Heterotrimeric G protein signaling mediated by transmembrane G protein–coupled receptors (GPCRs) is ubiquitous among eukaryotes. The G protein heterotrimer consists of α, β, and γ subunits bound to specific GPCRs. Ligand binding to the GPCR induces a change in Gα and the exchange of bound GDP for GTP, which turns the Gα subunit and the Gβγ dimer into two functional signaling units. Intrinsic GTPase activity of Gα returns the heterotrimer back to the inactive form. Diversity and selectivity in G protein signaling in mammals is provided by the existence of gene families for each of the G protein subunits. Humans contain at least 23 Gα subunits, 6 Gβ subunits, and 12 Gγ subunits, which show selectivity in their interactions and differences in tissue specificity. By contrast, Arabidopsis and a number of other plants contain one Gα subunit, one Gβ subunit, and two Gγ subunits (some legumes have two Gα subunits).

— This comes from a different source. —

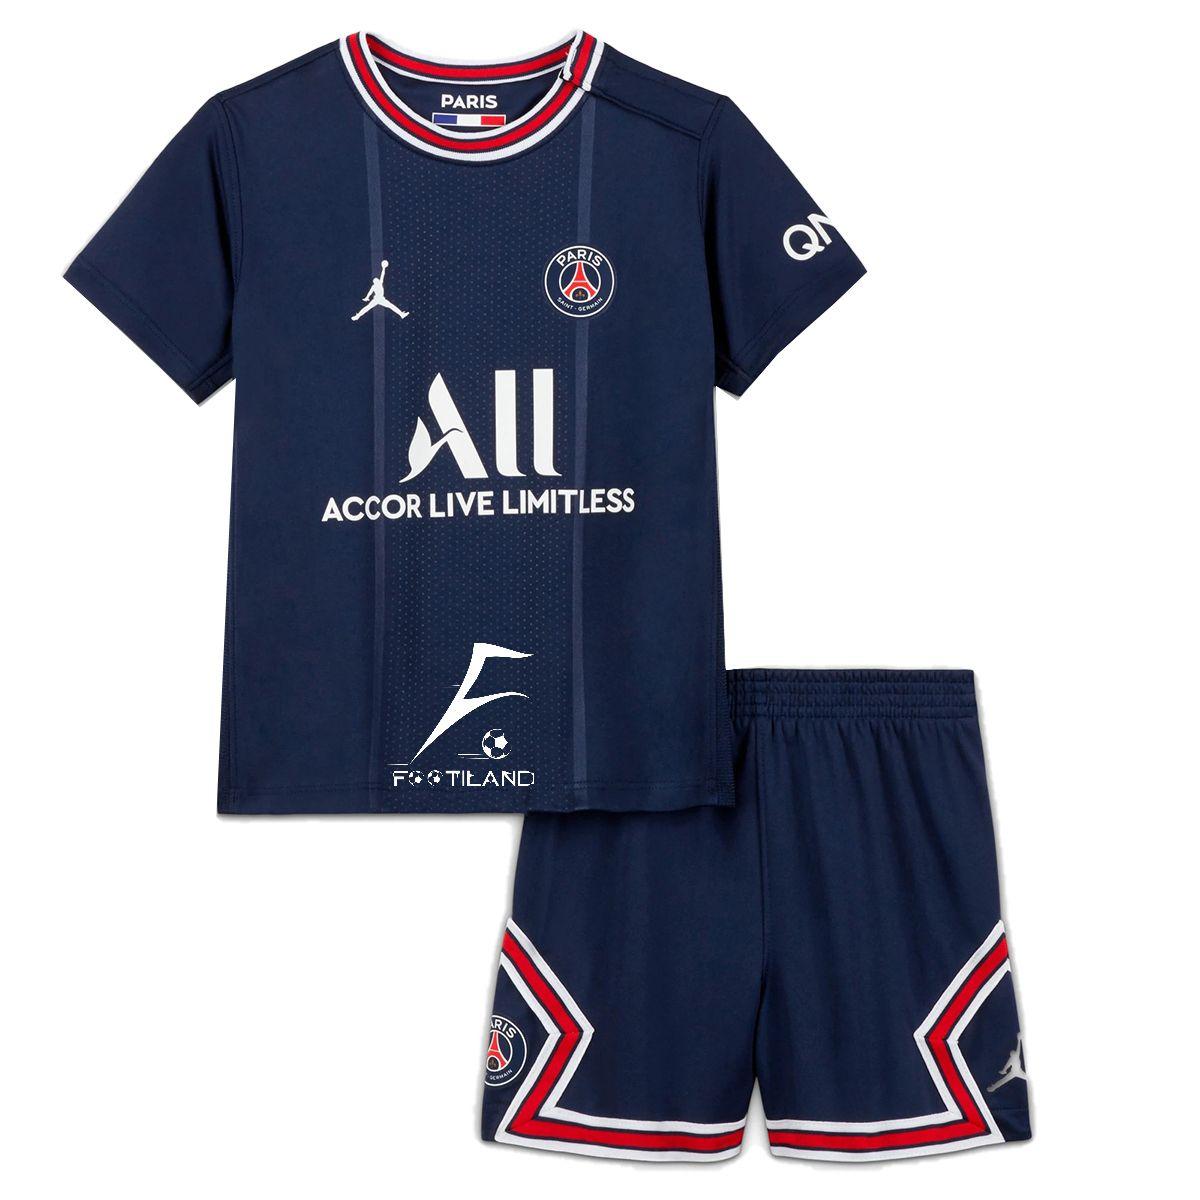 لباس بچه گانه پاریسن ژرمن 2022

Evidence is emerging that Gα and Gβγ are involved in signaling in specific and independent pathways in plants. Trusov et al. (pages 1235–1250) show that the two Gγ subunits in Arabidopsis provide functional selectivity to Gβγ signaling. Genetic analyses reveal that the two Gγ subunits provide specificity to the Gβγ dimer action in at least three different signaling pathways: fungal resistance, glucose sensing, and auxin-mediated lateral root development. Figure 1 Distinct patterns of expression of the two Gγ genes, AGG1 and AGG2, in root tissue, relative to expression of AGB1, which encodes the Gβ subunit.